The taxable fair market value of BPP can be adversely impacted by external economic factors.  If a business has a strong correlation with falling commodity prices or decreased activity, the underlying value of the assets could potentially be subject to a reduction in value. 

EO can also be attributed to BPP that is affiliated with production capacity metrics.  An example of this would be a manufacturing facility that has a maximum capacity of production.  Often these theoretical capacities are based upon optimal economic and operating conditions which would allow the business to fully maximize the BPP’s utility.  In many instances real-world production metrics are below capacity.  A company may make the strategic decision to scale back production to boost margins or due to decreased demand from customers and/or consumers.  These metrics can be useful in quantifying EO in the form of inutility.

An appraisal professional can develop an analysis of the BPP to measure and quantify FO and/or EO through these various methodologies.

Taxing Authorities Facing Extraordinary Budget Shortfalls Due To COVID-19

Taxing jurisdictions at both the state and county level are facing huge budget deficits because of decreased revenue from a variety of otherwise reliable sources.  Tourism, hotels, restaurants, and convention centers experienced unprecedented declines in 2020.  Major urban centers rely heavily on these revenue sources to fund various projects and remain financially solvent.  From March to August 2020, average tax revenue across the United States were down over 6.0 percent.  In a normal year, the anticipated tax revenue would be an increase of 2.0 to 3.0 percent.[4]

The vast majority of BPP tax appeals are settled before going through an administrative or judicial process.  It is typically in the interest of all parties to arrive at a mutually agreed assessed value to avoid further costs associated with the litigation.  COVID-19 has created an environment in which taxing jurisdictions are under intense pressure from city and state politicians to maximize property tax revenues to mitigate the budget shortfalls in light of COVID-19.  As a result, assessors are less likely to be amenable to settlements with taxpayers that would lower tax revenues for their respective jurisdictions. 

Conclusion

The COVID-19 pandemic has presented numerous challenges for tax professionals hoping to safeguard their businesses from unnecessary tax liabilities.  A valuation professional can be helpful in assisting to ensure the assessed values are accurately capturing COVID-19’s impact of BPP through the methods described in this article. 

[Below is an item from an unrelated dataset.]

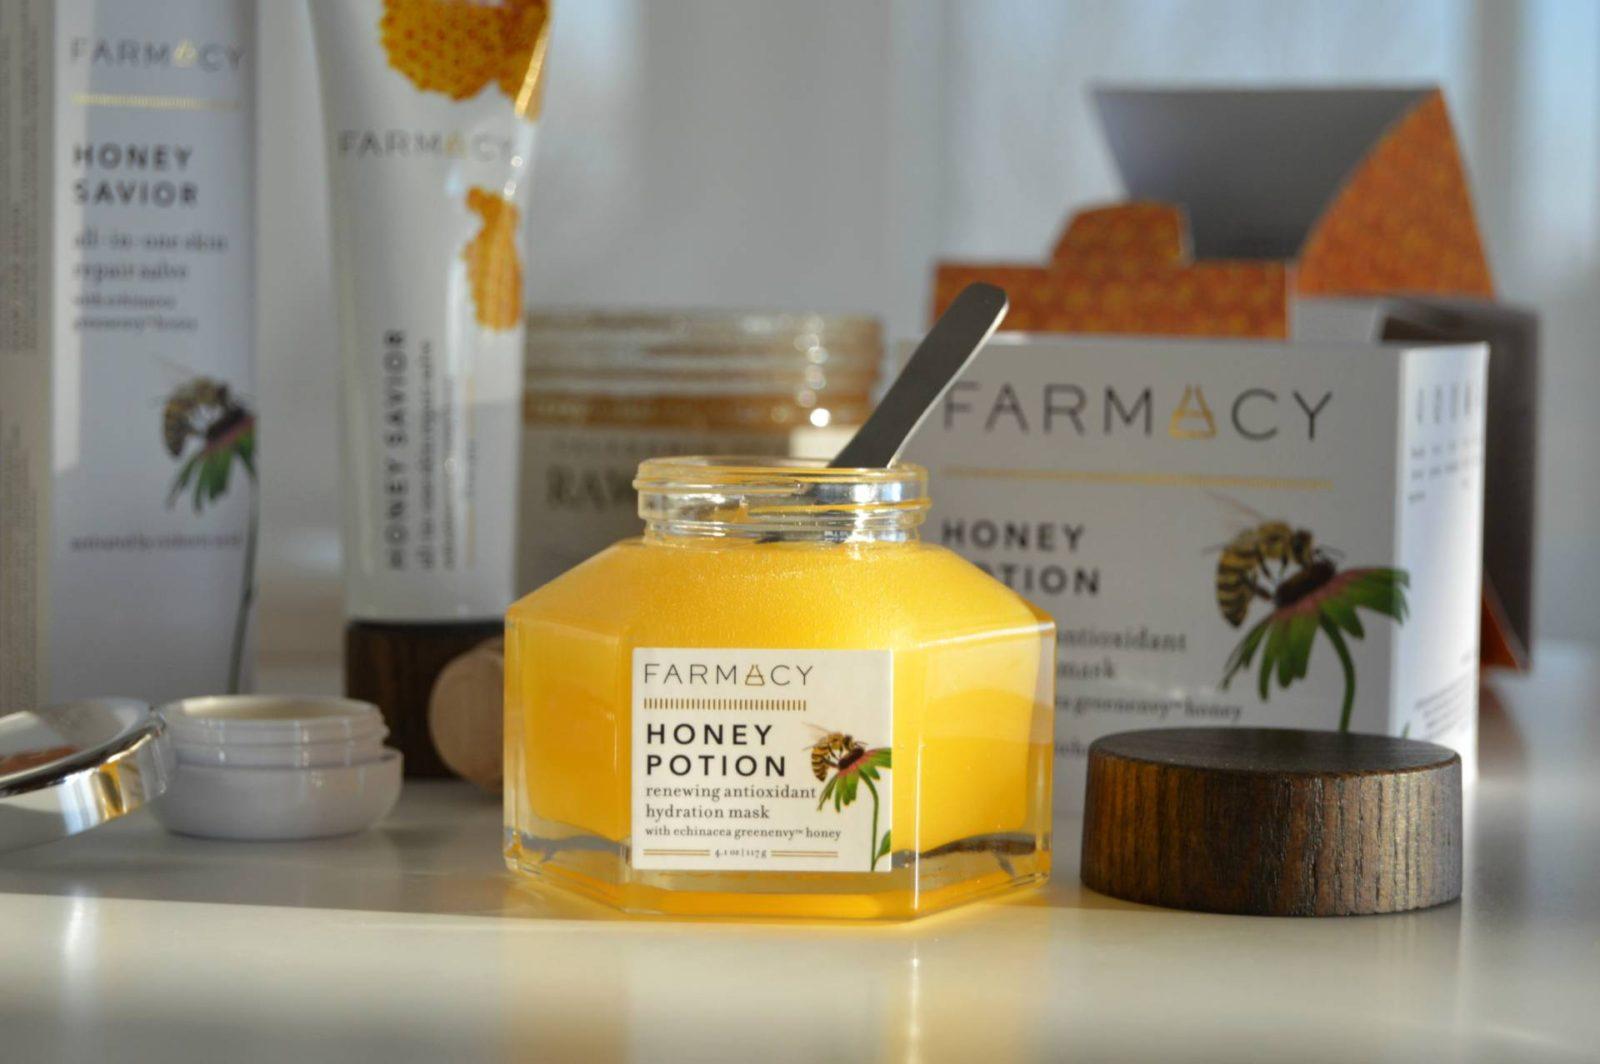 Farm-To-Face: Farmacy Honey Potion & Honey Savior

BVA has professionals with experience valuing BPP for ad valorem property tax purposes at the local, state, and federal level.  Our experts have testified in numerous jurisdictions for entities ranging from Fortune 100 to small, privately held entities. 

[1] Tayyeba Irum, Chris Hudgins. “US Bankruptcies Surpass 600 in 2020 as Coronavirus-Era Filings Keep Climbing.” Accelerating Progress, 15 Dec. 2020, www.spglobal.com/marketintelligence/en/news-insights/latest-news-headlines/us-bankruptcies-surpass-600-in-2020-as-coronavirus-era-filings-keep-climbing-61734090
[2] “Companies Wrote Down Goodwill In Spades Last Year as the Pandemic Took a Toll.” Wall Street Journal, 3 March 2021, https://www.wsj.com/articles/companies-wrote-down-goodwill-in-spades-last-year-as-the-pandemic-took-a-toll-11614780000
[3] American Society of Appraisers, Valuing Machinery and Equipment: The Fundamentals of Appraising Machinery and Technical Assets, 3rd edition, 2011, p. 552.